* Task requirements
What comes back must be the data itself, retyped exactly.

Collection entries
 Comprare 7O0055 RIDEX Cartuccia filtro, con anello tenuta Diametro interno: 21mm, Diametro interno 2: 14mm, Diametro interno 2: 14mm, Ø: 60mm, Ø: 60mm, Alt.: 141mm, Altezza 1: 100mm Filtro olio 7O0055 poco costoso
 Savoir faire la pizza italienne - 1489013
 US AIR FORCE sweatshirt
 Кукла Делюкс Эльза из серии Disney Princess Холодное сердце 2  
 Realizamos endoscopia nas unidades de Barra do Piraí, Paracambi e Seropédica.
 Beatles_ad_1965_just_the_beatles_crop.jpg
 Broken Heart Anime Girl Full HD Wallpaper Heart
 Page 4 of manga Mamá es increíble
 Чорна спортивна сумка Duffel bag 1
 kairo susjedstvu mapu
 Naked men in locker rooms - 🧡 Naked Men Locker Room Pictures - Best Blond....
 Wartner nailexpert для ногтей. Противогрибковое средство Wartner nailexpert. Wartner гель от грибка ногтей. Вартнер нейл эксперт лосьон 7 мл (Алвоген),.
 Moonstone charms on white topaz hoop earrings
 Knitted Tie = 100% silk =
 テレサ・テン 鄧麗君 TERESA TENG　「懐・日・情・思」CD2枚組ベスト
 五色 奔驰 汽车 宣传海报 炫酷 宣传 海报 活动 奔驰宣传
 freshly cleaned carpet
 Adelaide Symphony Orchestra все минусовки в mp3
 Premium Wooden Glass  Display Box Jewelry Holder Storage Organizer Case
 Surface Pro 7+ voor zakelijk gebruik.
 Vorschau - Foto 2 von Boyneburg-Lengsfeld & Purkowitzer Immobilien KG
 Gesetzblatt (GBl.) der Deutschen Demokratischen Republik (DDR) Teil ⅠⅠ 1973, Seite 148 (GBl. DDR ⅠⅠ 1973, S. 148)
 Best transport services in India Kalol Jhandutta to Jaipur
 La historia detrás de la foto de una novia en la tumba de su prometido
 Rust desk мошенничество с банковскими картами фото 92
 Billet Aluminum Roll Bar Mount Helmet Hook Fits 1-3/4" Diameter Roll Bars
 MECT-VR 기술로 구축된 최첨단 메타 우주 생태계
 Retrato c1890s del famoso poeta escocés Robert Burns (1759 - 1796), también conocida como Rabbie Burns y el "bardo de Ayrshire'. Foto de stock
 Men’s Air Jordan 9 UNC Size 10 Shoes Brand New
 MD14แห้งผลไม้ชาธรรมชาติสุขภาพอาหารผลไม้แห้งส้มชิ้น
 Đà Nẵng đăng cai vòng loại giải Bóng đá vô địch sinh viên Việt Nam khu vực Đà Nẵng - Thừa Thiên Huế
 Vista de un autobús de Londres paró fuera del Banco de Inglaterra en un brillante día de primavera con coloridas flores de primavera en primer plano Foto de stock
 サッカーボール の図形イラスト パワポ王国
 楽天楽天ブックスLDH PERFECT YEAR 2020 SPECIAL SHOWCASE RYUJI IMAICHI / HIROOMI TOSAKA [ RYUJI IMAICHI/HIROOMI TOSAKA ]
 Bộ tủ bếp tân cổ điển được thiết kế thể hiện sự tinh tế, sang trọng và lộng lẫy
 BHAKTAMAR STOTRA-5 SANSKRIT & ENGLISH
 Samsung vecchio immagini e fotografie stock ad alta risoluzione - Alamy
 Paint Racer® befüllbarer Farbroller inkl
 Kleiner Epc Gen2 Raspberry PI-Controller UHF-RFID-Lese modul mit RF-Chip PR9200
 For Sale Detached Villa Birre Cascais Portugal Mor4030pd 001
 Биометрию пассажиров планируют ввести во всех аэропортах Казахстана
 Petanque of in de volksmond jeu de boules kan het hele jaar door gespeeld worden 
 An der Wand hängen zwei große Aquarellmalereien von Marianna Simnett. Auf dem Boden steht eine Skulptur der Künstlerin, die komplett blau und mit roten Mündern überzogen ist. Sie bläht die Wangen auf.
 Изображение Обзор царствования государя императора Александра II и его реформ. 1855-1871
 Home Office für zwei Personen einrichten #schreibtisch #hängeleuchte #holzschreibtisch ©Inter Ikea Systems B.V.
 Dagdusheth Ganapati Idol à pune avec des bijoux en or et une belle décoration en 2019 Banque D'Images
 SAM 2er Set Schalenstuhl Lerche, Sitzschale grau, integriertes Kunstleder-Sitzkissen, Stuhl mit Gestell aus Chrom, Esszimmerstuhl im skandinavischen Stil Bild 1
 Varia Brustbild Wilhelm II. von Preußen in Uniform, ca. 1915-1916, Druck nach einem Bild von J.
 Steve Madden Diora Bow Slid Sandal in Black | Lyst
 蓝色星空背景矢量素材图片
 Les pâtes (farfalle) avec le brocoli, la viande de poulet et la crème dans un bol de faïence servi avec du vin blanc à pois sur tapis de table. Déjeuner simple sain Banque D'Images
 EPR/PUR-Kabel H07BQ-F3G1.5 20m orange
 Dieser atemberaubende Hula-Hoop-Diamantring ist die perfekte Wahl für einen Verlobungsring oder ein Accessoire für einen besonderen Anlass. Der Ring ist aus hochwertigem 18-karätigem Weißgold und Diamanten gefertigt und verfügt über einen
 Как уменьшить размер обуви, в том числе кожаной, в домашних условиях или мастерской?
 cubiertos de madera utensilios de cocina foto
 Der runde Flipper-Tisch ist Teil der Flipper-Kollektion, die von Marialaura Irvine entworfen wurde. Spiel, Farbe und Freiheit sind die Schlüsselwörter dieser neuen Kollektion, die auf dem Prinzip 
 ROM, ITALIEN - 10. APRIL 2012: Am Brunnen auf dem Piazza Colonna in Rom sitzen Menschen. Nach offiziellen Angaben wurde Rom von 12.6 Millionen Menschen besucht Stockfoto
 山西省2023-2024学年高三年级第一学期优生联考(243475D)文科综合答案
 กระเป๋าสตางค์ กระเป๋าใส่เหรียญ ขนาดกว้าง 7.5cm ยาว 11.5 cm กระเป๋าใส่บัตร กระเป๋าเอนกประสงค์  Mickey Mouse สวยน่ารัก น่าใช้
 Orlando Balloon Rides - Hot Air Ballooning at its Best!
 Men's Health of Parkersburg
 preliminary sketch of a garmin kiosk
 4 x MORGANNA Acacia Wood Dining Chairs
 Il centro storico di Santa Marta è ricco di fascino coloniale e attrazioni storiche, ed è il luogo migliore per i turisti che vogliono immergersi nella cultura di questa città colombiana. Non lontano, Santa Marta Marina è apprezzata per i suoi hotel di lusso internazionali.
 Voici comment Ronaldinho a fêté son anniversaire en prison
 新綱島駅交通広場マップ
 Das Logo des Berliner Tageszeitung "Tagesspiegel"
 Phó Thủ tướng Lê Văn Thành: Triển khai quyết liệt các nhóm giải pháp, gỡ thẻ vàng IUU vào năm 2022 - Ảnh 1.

* Response area
 Comprare 7O0055 RIDEX Cartuccia filtro, con anello tenuta Diametro interno: 21mm, Diametro interno 2: 14mm, Diametro interno 2: 14mm, Ø: 60mm, Ø: 60mm, Alt.: 141mm, Altezza 1: 100mm Filtro olio 7O0055 poco costoso
 Savoir faire la pizza italienne - 1489013
 US AIR FORCE sweatshirt
 Кукла Делюкс Эльза из серии Disney Princess Холодное сердце 2  
 Realizamos endoscopia nas unidades de Barra do Piraí, Paracambi e Seropédica.
 Beatles_ad_1965_just_the_beatles_crop.jpg
 Broken Heart Anime Girl Full HD Wallpaper Heart
 Page 4 of manga Mamá es increíble
 Чорна спортивна сумка Duffel bag 1
 kairo susjedstvu mapu
 Naked men in locker rooms - 🧡 Naked Men Locker Room Pictures - Best Blond....
 Wartner nailexpert для ногтей. Противогрибковое средство Wartner nailexpert. Wartner гель от грибка ногтей. Вартнер нейл эксперт лосьон 7 мл (Алвоген),.
 Moonstone charms on white topaz hoop earrings
 Knitted Tie = 100% silk =
 テレサ・テン 鄧麗君 TERESA TENG　「懐・日・情・思」CD2枚組ベスト
 五色 奔驰 汽车 宣传海报 炫酷 宣传 海报 活动 奔驰宣传
 freshly cleaned carpet
 Adelaide Symphony Orchestra все минусовки в mp3
 Premium Wooden Glass  Display Box Jewelry Holder Storage Organizer Case
 Surface Pro 7+ voor zakelijk gebruik.
 Vorschau - Foto 2 von Boyneburg-Lengsfeld & Purkowitzer Immobilien KG
 Gesetzblatt (GBl.) der Deutschen Demokratischen Republik (DDR) Teil ⅠⅠ 1973, Seite 148 (GBl. DDR ⅠⅠ 1973, S. 148)
 Best transport services in India Kalol Jhandutta to Jaipur
 La historia detrás de la foto de una novia en la tumba de su prometido
 Rust desk мошенничество с банковскими картами фото 92
 Billet Aluminum Roll Bar Mount Helmet Hook Fits 1-3/4" Diameter Roll Bars
 MECT-VR 기술로 구축된 최첨단 메타 우주 생태계
 Retrato c1890s del famoso poeta escocés Robert Burns (1759 - 1796), también conocida como Rabbie Burns y el "bardo de Ayrshire'. Foto de stock
 Men’s Air Jordan 9 UNC Size 10 Shoes Brand New
 MD14แห้งผลไม้ชาธรรมชาติสุขภาพอาหารผลไม้แห้งส้มชิ้น
 Đà Nẵng đăng cai vòng loại giải Bóng đá vô địch sinh viên Việt Nam khu vực Đà Nẵng - Thừa Thiên Huế
 Vista de un autobús de Londres paró fuera del Banco de Inglaterra en un brillante día de primavera con coloridas flores de primavera en primer plano Foto de stock
 サッカーボール の図形イラスト パワポ王国
 楽天楽天ブックスLDH PERFECT YEAR 2020 SPECIAL SHOWCASE RYUJI IMAICHI / HIROOMI TOSAKA [ RYUJI IMAICHI/HIROOMI TOSAKA ]
 Bộ tủ bếp tân cổ điển được thiết kế thể hiện sự tinh tế, sang trọng và lộng lẫy
 BHAKTAMAR STOTRA-5 SANSKRIT & ENGLISH
 Samsung vecchio immagini e fotografie stock ad alta risoluzione - Alamy
 Paint Racer® befüllbarer Farbroller inkl
 Kleiner Epc Gen2 Raspberry PI-Controller UHF-RFID-Lese modul mit RF-Chip PR9200
 For Sale Detached Villa Birre Cascais Portugal Mor4030pd 001
 Биометрию пассажиров планируют ввести во всех аэропортах Казахстана
 Petanque of in de volksmond jeu de boules kan het hele jaar door gespeeld worden 
 An der Wand hängen zwei große Aquarellmalereien von Marianna Simnett. Auf dem Boden steht eine Skulptur der Künstlerin, die komplett blau und mit roten Mündern überzogen ist. Sie bläht die Wangen auf.
 Изображение Обзор царствования государя императора Александра II и его реформ. 1855-1871
 Home Office für zwei Personen einrichten #schreibtisch #hängeleuchte #holzschreibtisch ©Inter Ikea Systems B.V.
 Dagdusheth Ganapati Idol à pune avec des bijoux en or et une belle décoration en 2019 Banque D'Images
 SAM 2er Set Schalenstuhl Lerche, Sitzschale grau, integriertes Kunstleder-Sitzkissen, Stuhl mit Gestell aus Chrom, Esszimmerstuhl im skandinavischen Stil Bild 1
 Varia Brustbild Wilhelm II. von Preußen in Uniform, ca. 1915-1916, Druck nach einem Bild von J.
 Steve Madden Diora Bow Slid Sandal in Black | Lyst
 蓝色星空背景矢量素材图片
 Les pâtes (farfalle) avec le brocoli, la viande de poulet et la crème dans un bol de faïence servi avec du vin blanc à pois sur tapis de table. Déjeuner simple sain Banque D'Images
 EPR/PUR-Kabel H07BQ-F3G1.5 20m orange
 Dieser atemberaubende Hula-Hoop-Diamantring ist die perfekte Wahl für einen Verlobungsring oder ein Accessoire für einen besonderen Anlass. Der Ring ist aus hochwertigem 18-karätigem Weißgold und Diamanten gefertigt und verfügt über einen
 Как уменьшить размер обуви, в том числе кожаной, в домашних условиях или мастерской?
 cubiertos de madera utensilios de cocina foto
 Der runde Flipper-Tisch ist Teil der Flipper-Kollektion, die von Marialaura Irvine entworfen wurde. Spiel, Farbe und Freiheit sind die Schlüsselwörter dieser neuen Kollektion, die auf dem Prinzip 
 ROM, ITALIEN - 10. APRIL 2012: Am Brunnen auf dem Piazza Colonna in Rom sitzen Menschen. Nach offiziellen Angaben wurde Rom von 12.6 Millionen Menschen besucht Stockfoto
 山西省2023-2024学年高三年级第一学期优生联考(243475D)文科综合答案
 กระเป๋าสตางค์ กระเป๋าใส่เหรียญ ขนาดกว้าง 7.5cm ยาว 11.5 cm กระเป๋าใส่บัตร กระเป๋าเอนกประสงค์  Mickey Mouse สวยน่ารัก น่าใช้
 Orlando Balloon Rides - Hot Air Ballooning at its Best!
 Men's Health of Parkersburg
 preliminary sketch of a garmin kiosk
 4 x MORGANNA Acacia Wood Dining Chairs
 Il centro storico di Santa Marta è ricco di fascino coloniale e attrazioni storiche, ed è il luogo migliore per i turisti che vogliono immergersi nella cultura di questa città colombiana. Non lontano, Santa Marta Marina è apprezzata per i suoi hotel di lusso internazionali.
 Voici comment Ronaldinho a fêté son anniversaire en prison
 新綱島駅交通広場マップ
 Das Logo des Berliner Tageszeitung "Tagesspiegel"
 Phó Thủ tướng Lê Văn Thành: Triển khai quyết liệt các nhóm giải pháp, gỡ thẻ vàng IUU vào năm 2022 - Ảnh 1.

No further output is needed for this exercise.